I am confused on how I should proceed to check wether these points or minima or maxima? I know the Hessian is involved, but which one?

Answer 1

In general when optimizing $f(x)$ subject to $g(x)=0$, you solve the problem $\nabla f(x)=\lambda \nabla g(x)$ and the critical points can be checked by the bordered Hessian matrix:

$$H=\begin{pmatrix} 0 & g_x & g_y\\ g_x & f_{xx}+\lambda g_{xx} & f_{xy}+\lambda g_{xy}\\ g_y & f_{yx}+\lambda g_{yx} & f_{yy}+\lambda g_{yy} \end{pmatrix}.$$

Define $h:=\det(H)$. If $h>0$ at the critical point, you're at a maximum and if $h<0$ you're at a minimum. Equivalently, you can replace all instances of $g$ in the above Hessian with $-g$ so that the derivatives in the bottom right square become those of $f-\lambda g$. Indeed, consider expanding $f-\lambda g$ around each critical point taking into account that you are moving along $g$.

Answer 2

You've done the hard part. Now check the values of $f(x,y)$ at the two points $(x,y) = (\pm 2/\sqrt{5}, \pm 1/\sqrt{5})$. Since $$f(\pm 2/\sqrt{5}, \pm 1/\sqrt{5}) = 2(\pm2/\sqrt5) \pm1/\sqrt5 = \pm\sqrt{5},$$ you can conclude that $f$ is maximized at $(2/\sqrt5,1/\sqrt5)$ and minimized at $(-2/\sqrt5,-1/\sqrt5)$.

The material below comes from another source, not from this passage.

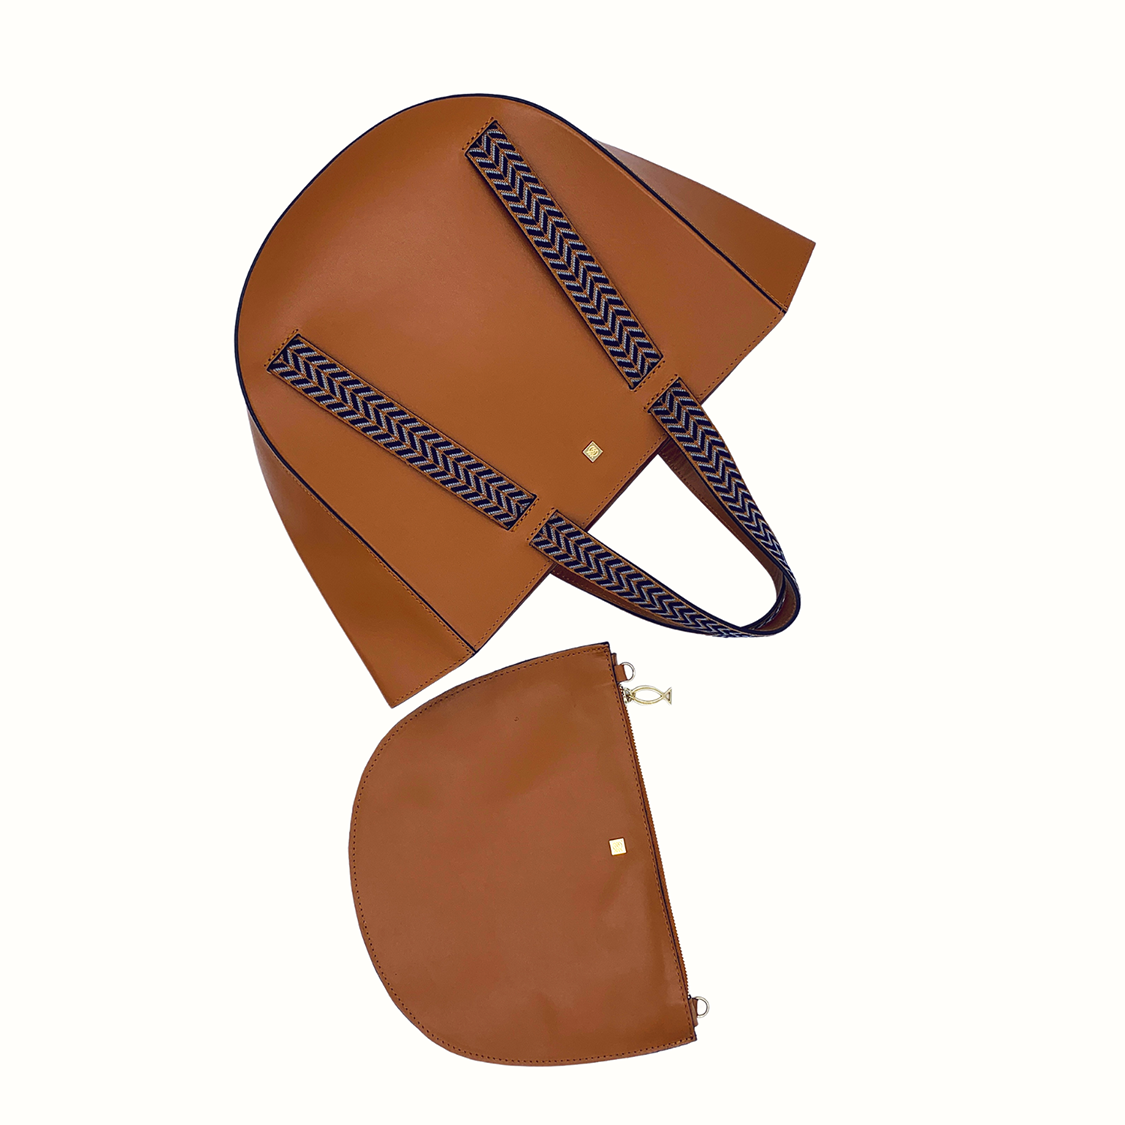 brown leather tote bag #color_herringbone-camel

Edit: To clarify, the reason this is enough to make the above conclusion is that the constraint space $x^2 + y^2 = 1$ is a closed curve and $f$ is continuous. Therefore $f$ attains a maximum and minimum on this space, and you can conclude they are the points you solved for using Lagrange multipliers. Since you only found two points, the function $f$ must be maximized at one and minimized at the other. The above work checks which is which.

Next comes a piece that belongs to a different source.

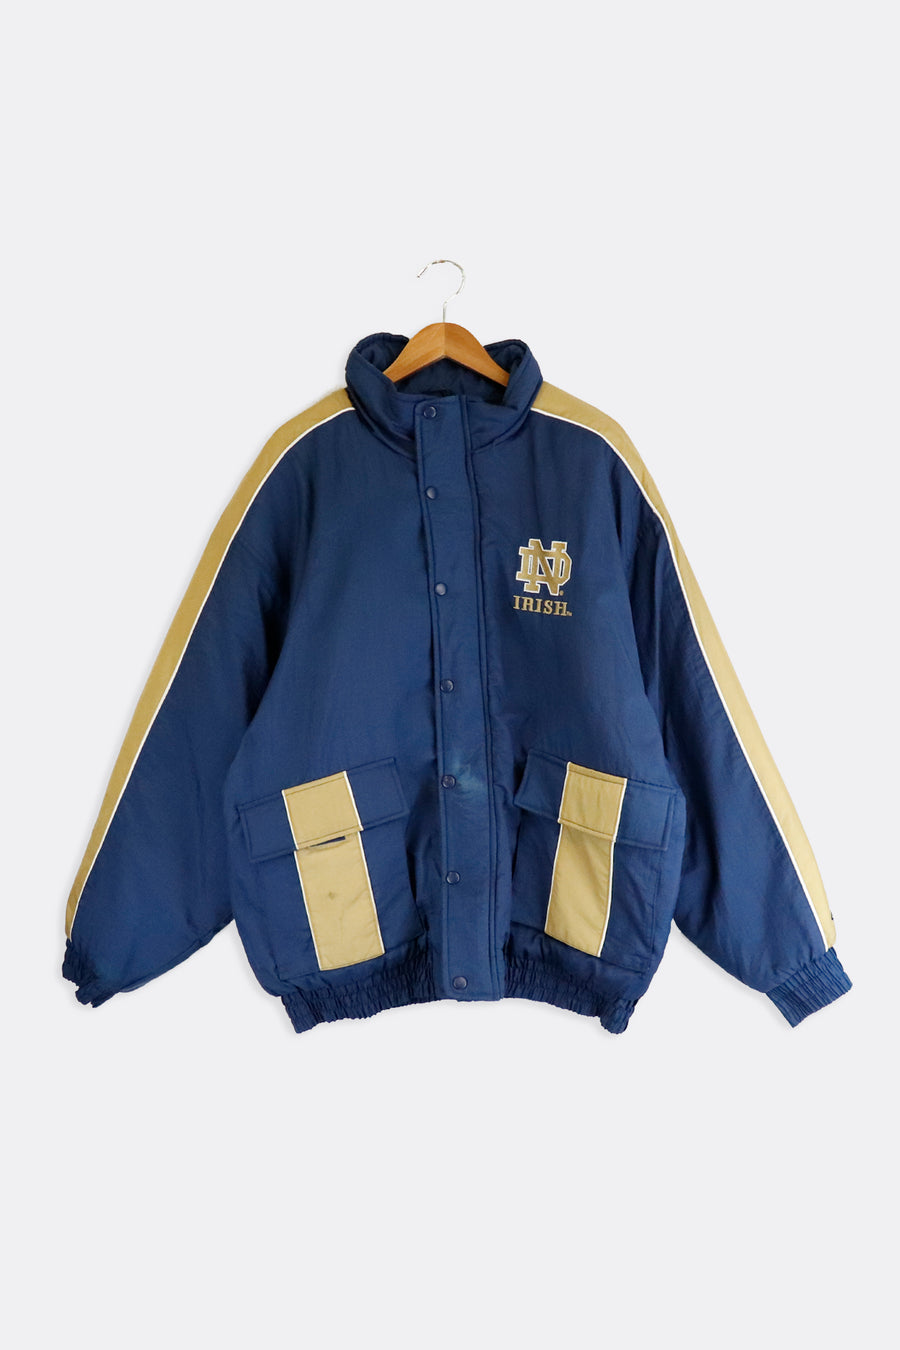 Vintage Notre Dame Fighting Irish Button Up Winter Jacket Sz XL

In general, you need to use a Hessian matrix to determine where you have extrema.

Answer 3

Fortunately $\{x^2+y^2-1=0\}$ is compact and $f$ continuous thus $f$ must have a min and max. Just compare the values of $f$ at the critical values. In this case the Hessian is not needed.